Direct Discriminative Optimization: Your Likelihood-Based Visual Generative Model is Secretly a GAN Discriminator

ICML 2025 Spotlight

FID=1.26 on ImageNet 512x512, without any guidance.

Introduction

Direct Discriminative Optimization (DDO) enables GAN-style finetuning of likelihood-based generative models, such as diffusion and autoregressive models, without requiring an explicit discriminator network.

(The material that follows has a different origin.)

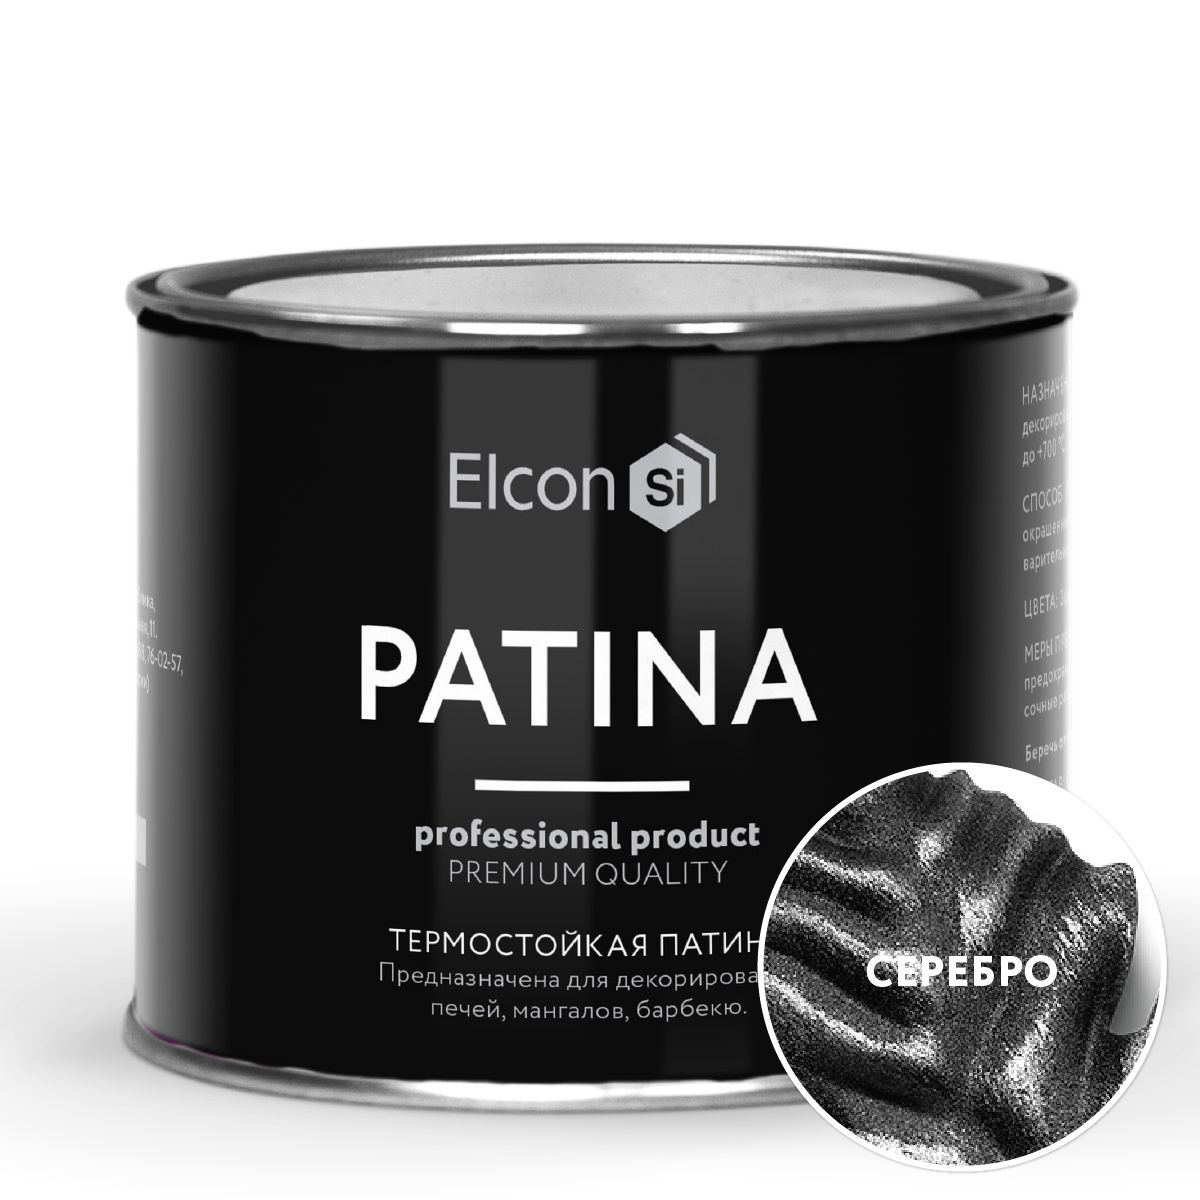 Термостойкая патина Elcon Patina +700 Серебро 0,2 кг патина certa термостойкая до 700°с серебро 80 г
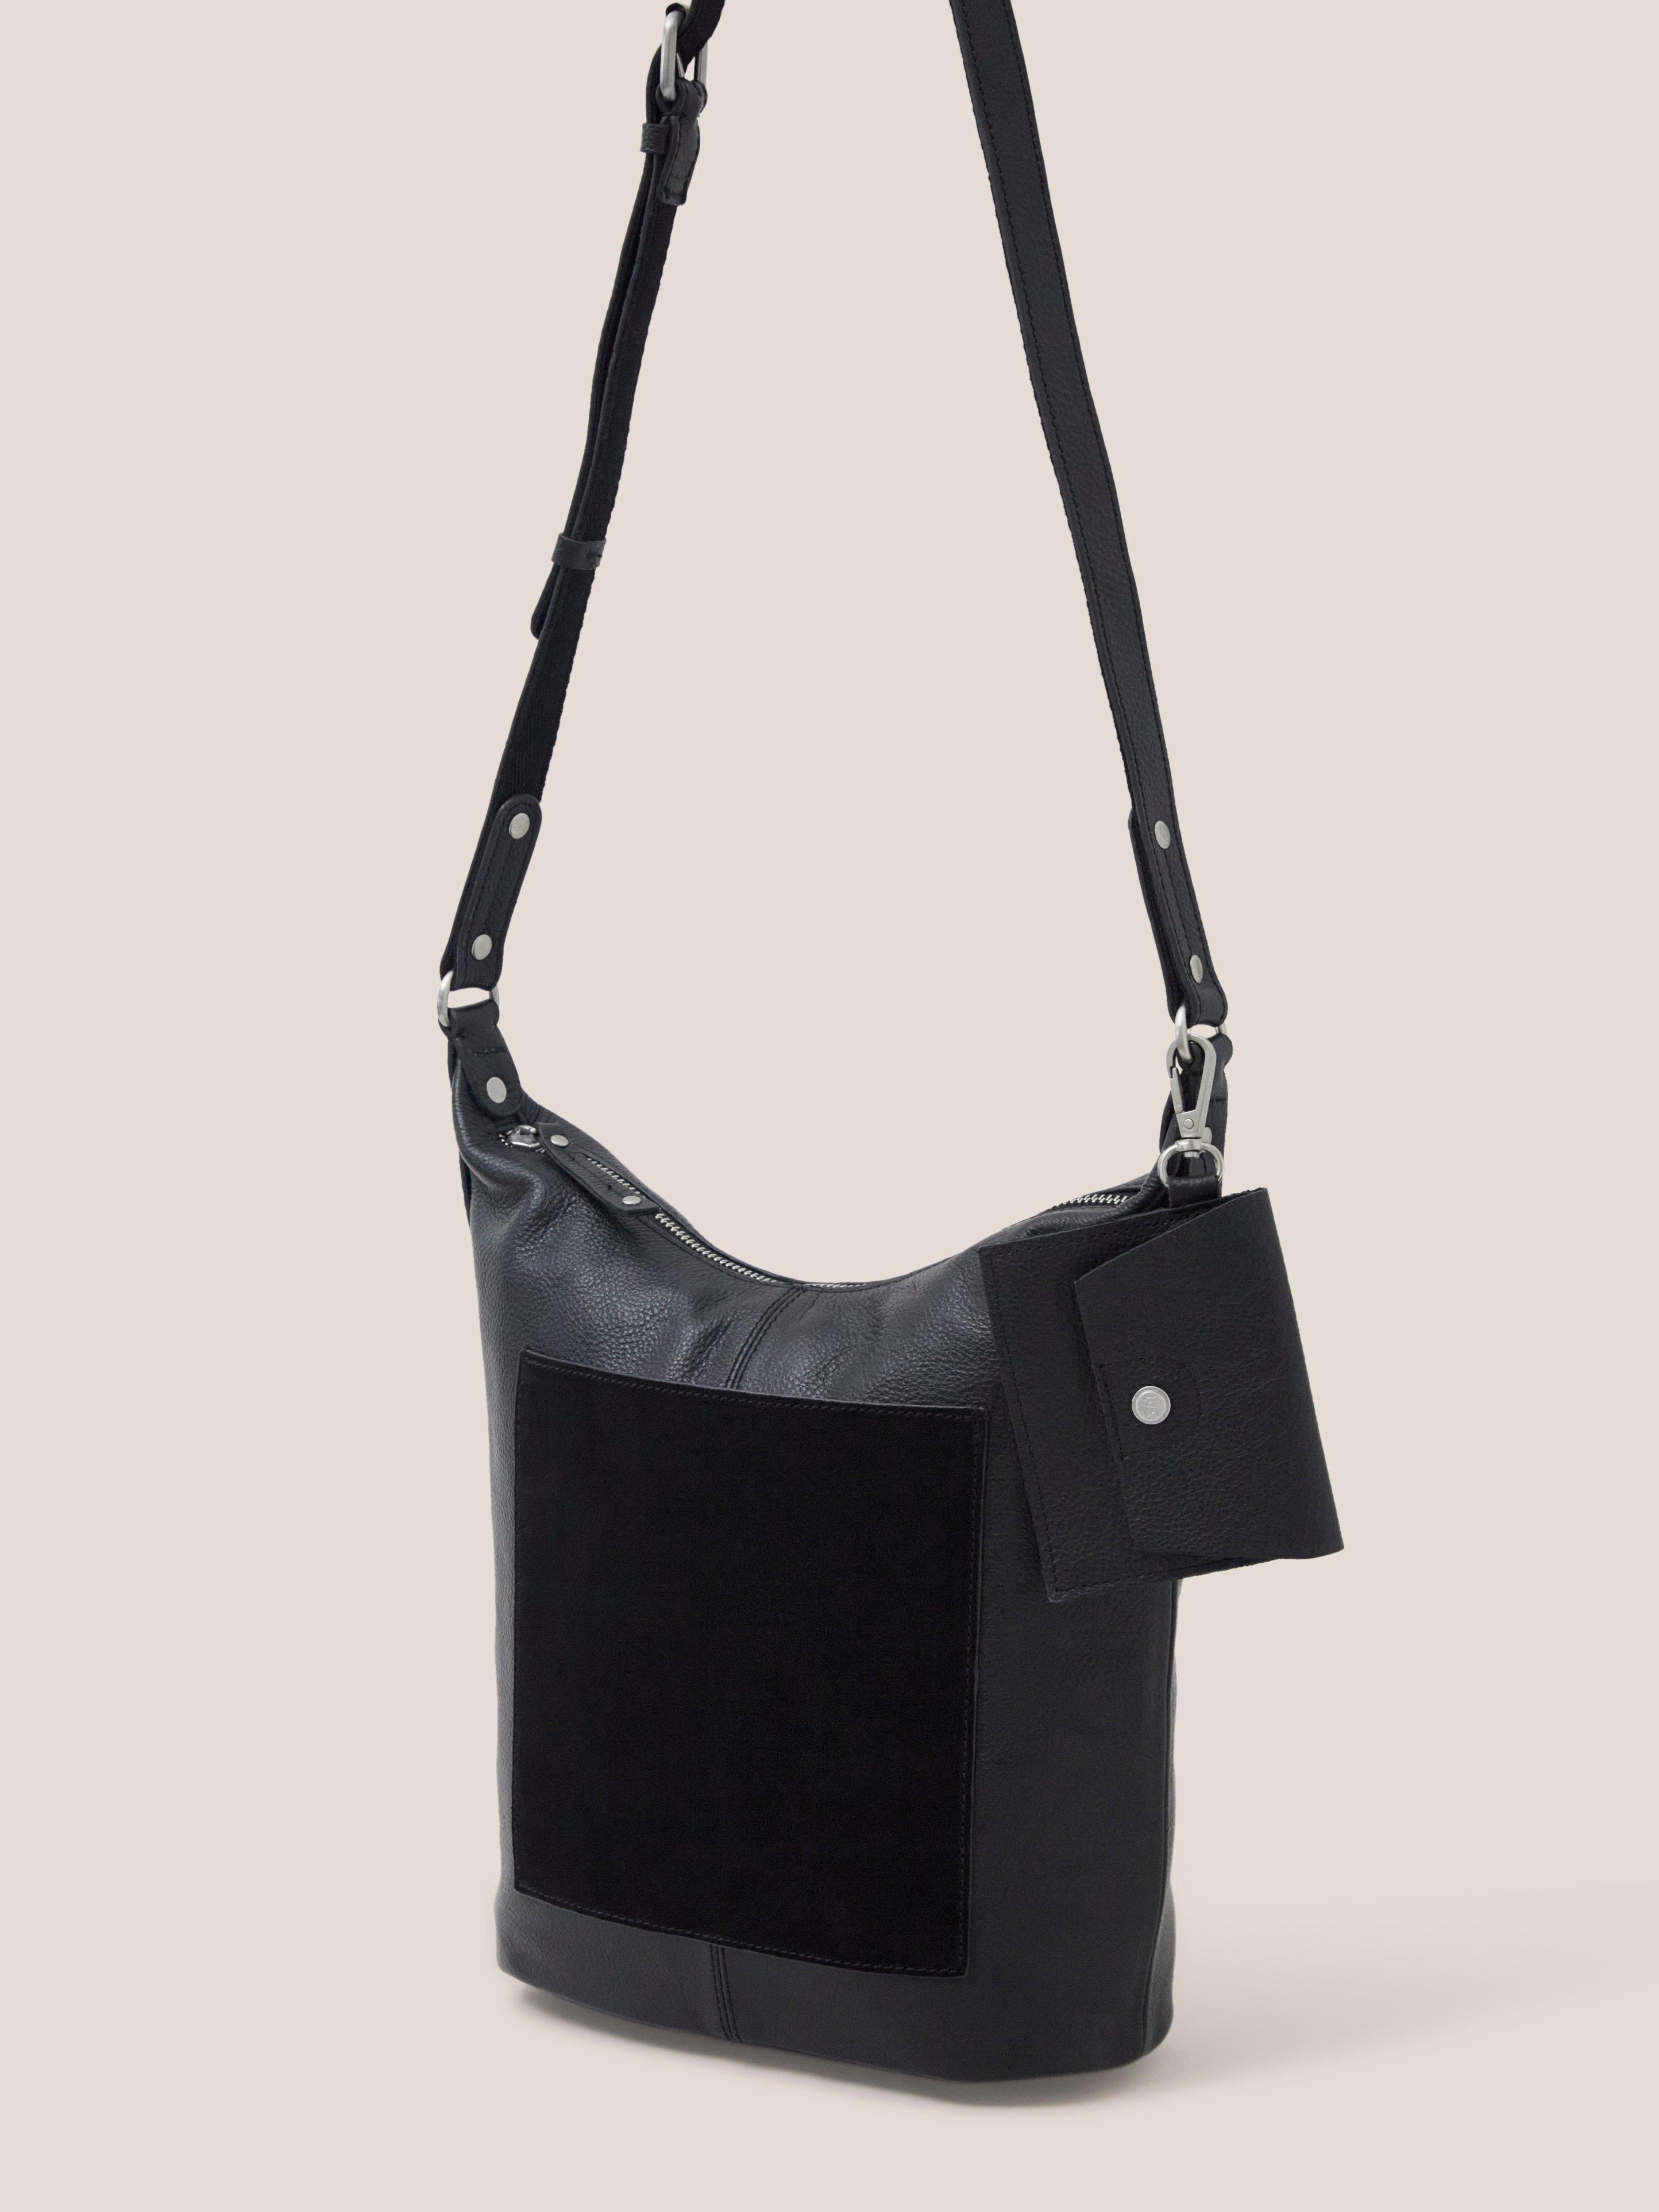 Fern Leather Casual Crossbody Bag

By incorporating reverse KL divergence and self-generated negative samples—similar in spirit to reinforcement learning methods used in large language models—DDO overcomes the limitations of traditional maximum likelihood training, which relies on forward KL and often leads to mode-covering behavior. As a result, DDO can substantially improve the generation quality without changing the network architecture or inference protocol.

Available Models

We release our finetuned checkpoints in nvidia/DirectDiscriminativeOptimization · Hugging Face.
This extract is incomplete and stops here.